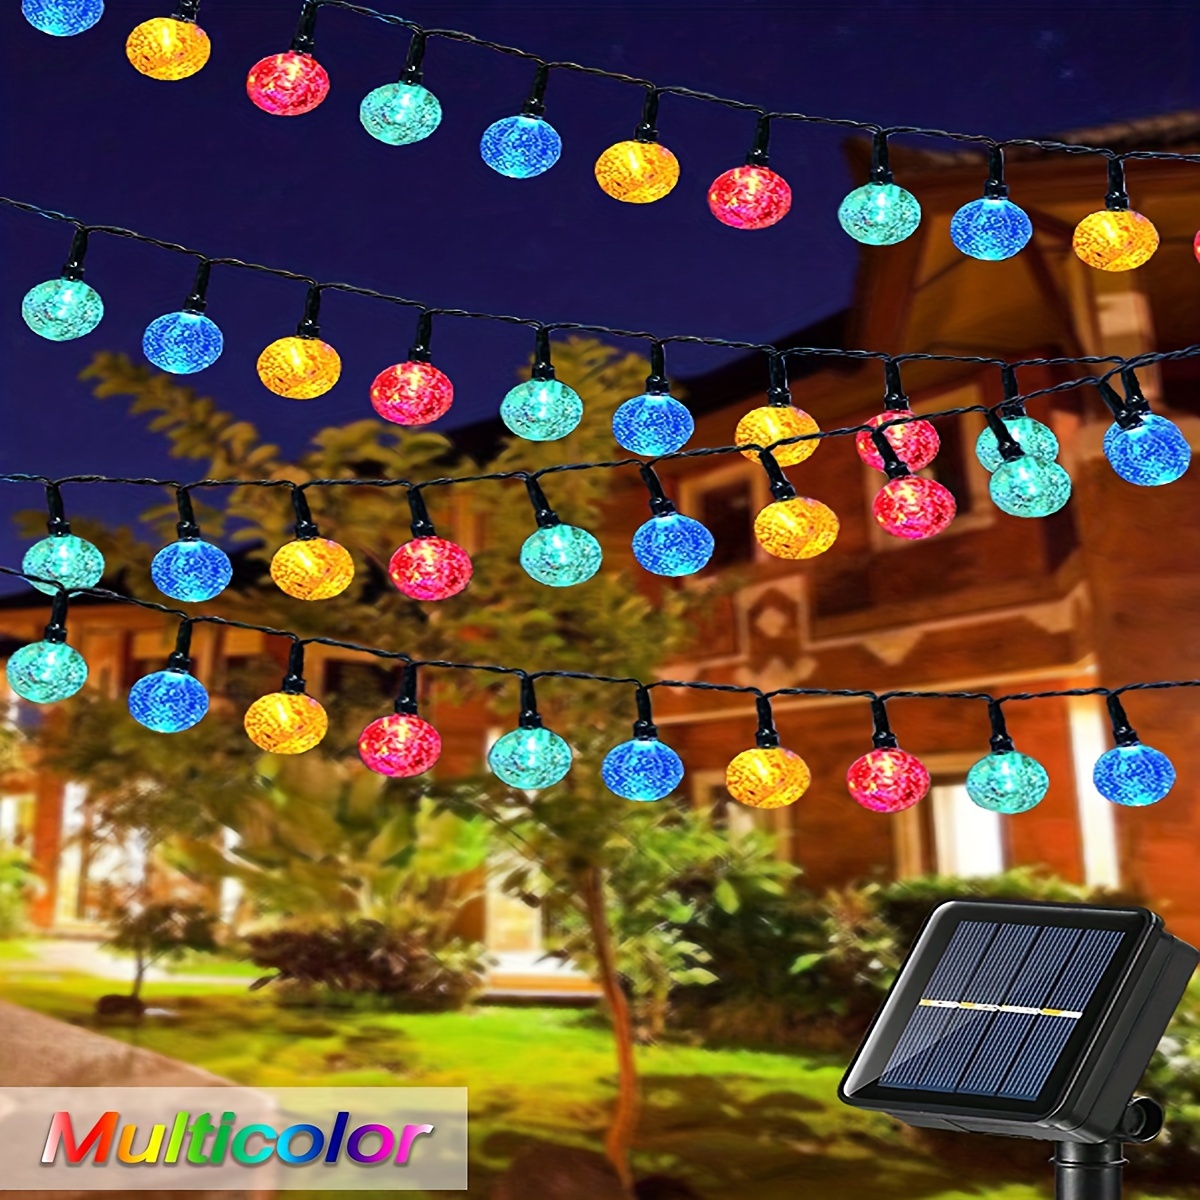 Guirlande solaire Lampions Multicolore - décoration solaire guirlande
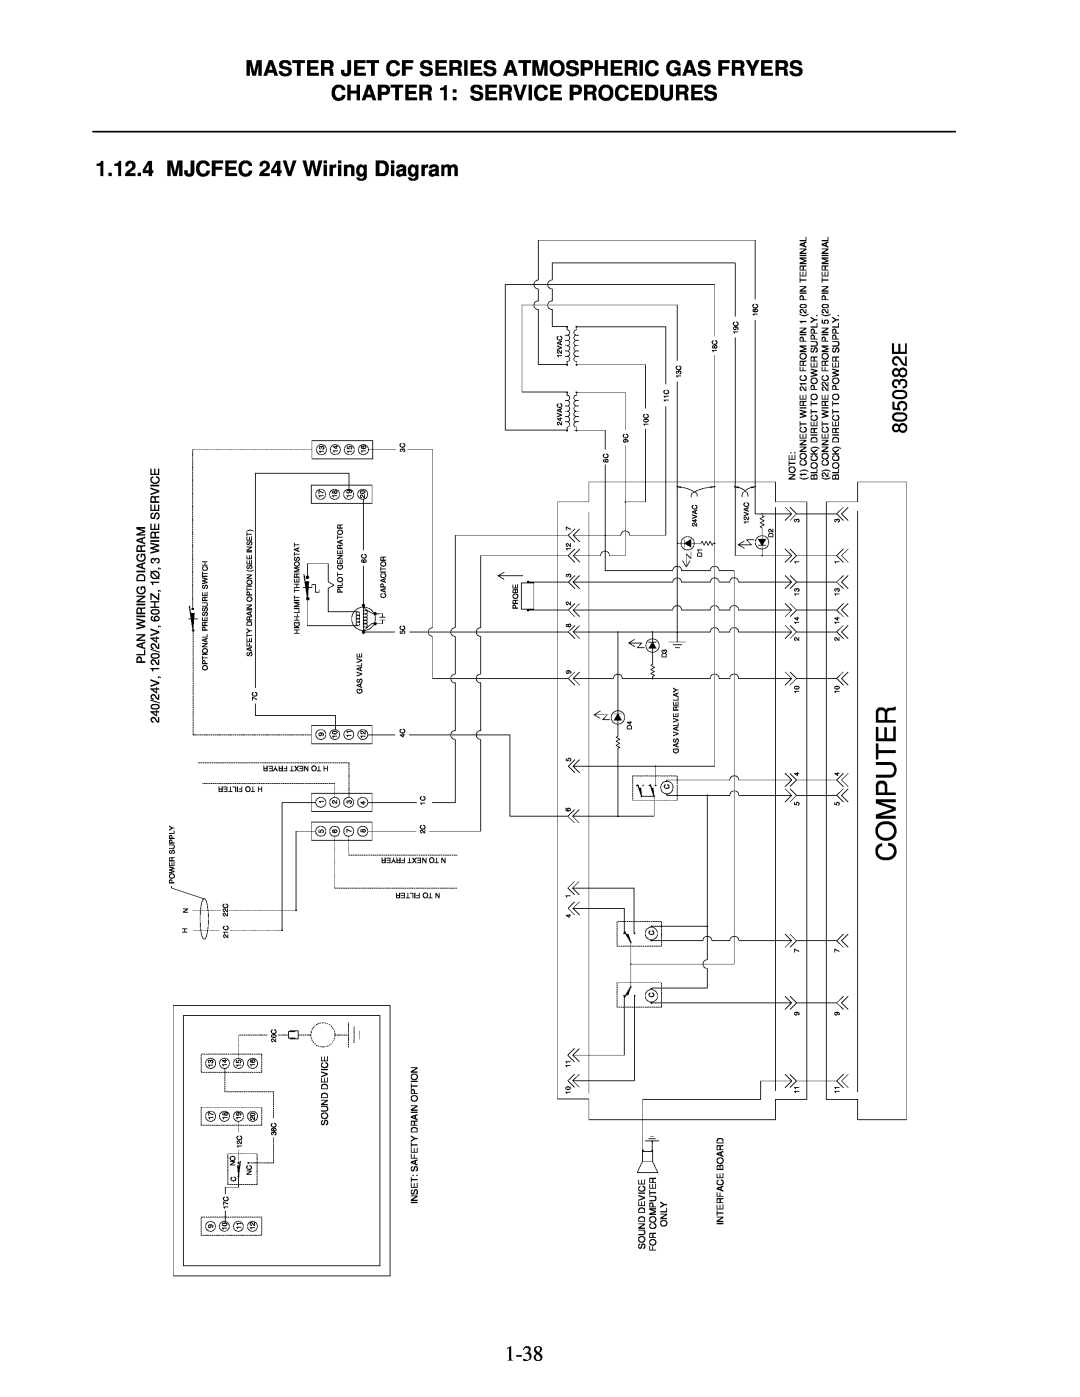 Frymaster J65X, FMCFEC, KJ3FC 1.12.4, MJCFEC 24V Wiring Diagram, COMPUTER8050382E, Master Jet Cf Series Atmospheric Service 
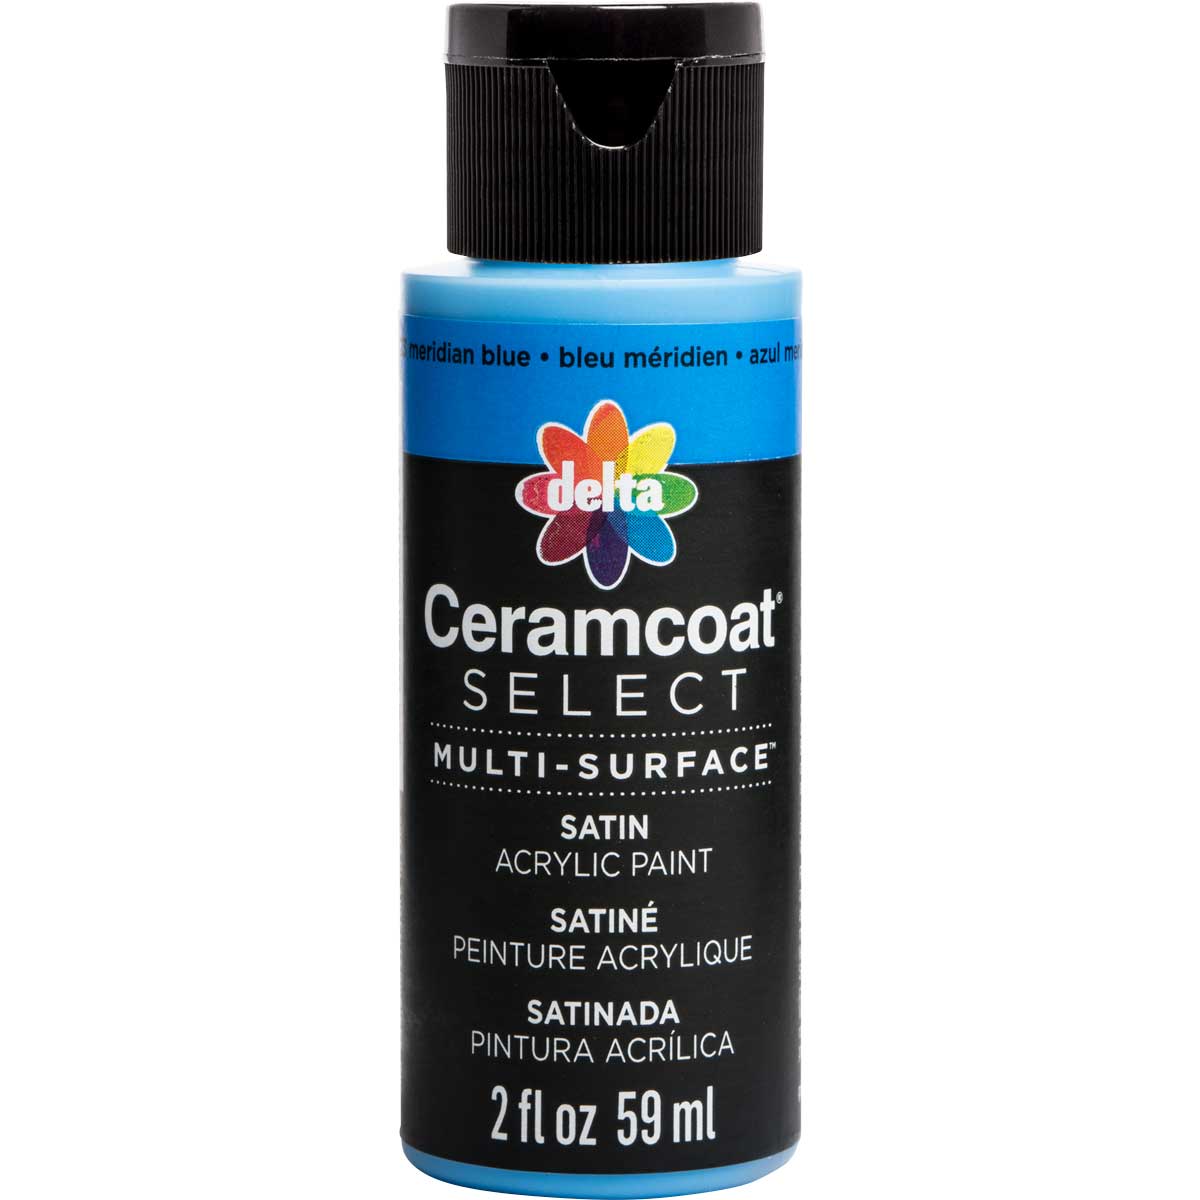 Delta Ceramcoat ® Select Multi-Surface Acrylic Paint - Satin - Meridian Blue, 2 oz. - 04023
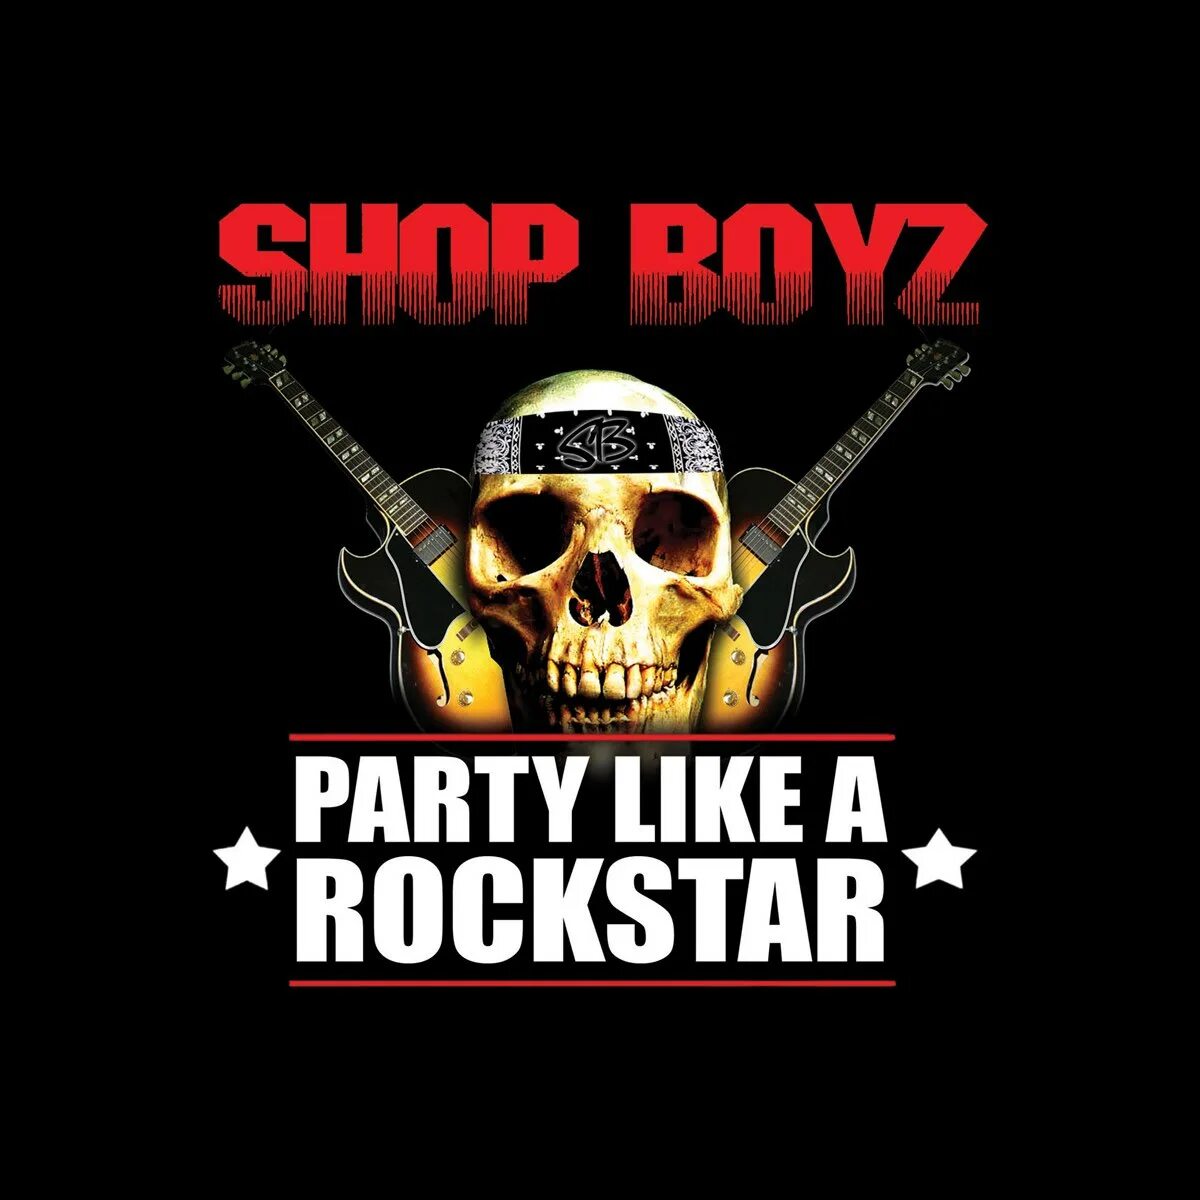 So i party like a rockstar 6arelyhuman. Shop Boyz Party like a Rockstar. Party like a Rockstar. Shop boys - Rockstar Mentality. Вайт панк рокстар обложка.

▶ WHAT THIS TASK INVOLVES:
Every line from the top of the material above through the line with "Delta Ceramcoat ®" should be duplicated exactly, please; leave out the pictures.

▶ RESPONSE AREA:
 Guirlande solaire Lampions Multicolore - décoration solaire guirlande
 Frymaster J65X, FMCFEC, KJ3FC 1.12.4, MJCFEC 24V Wiring Diagram, COMPUTER8050382E, Master Jet Cf Series Atmospheric Service 
 Delta Ceramcoat ® Select Multi-Surface Acrylic Paint - Satin - Meridian Blue, 2 oz. - 04023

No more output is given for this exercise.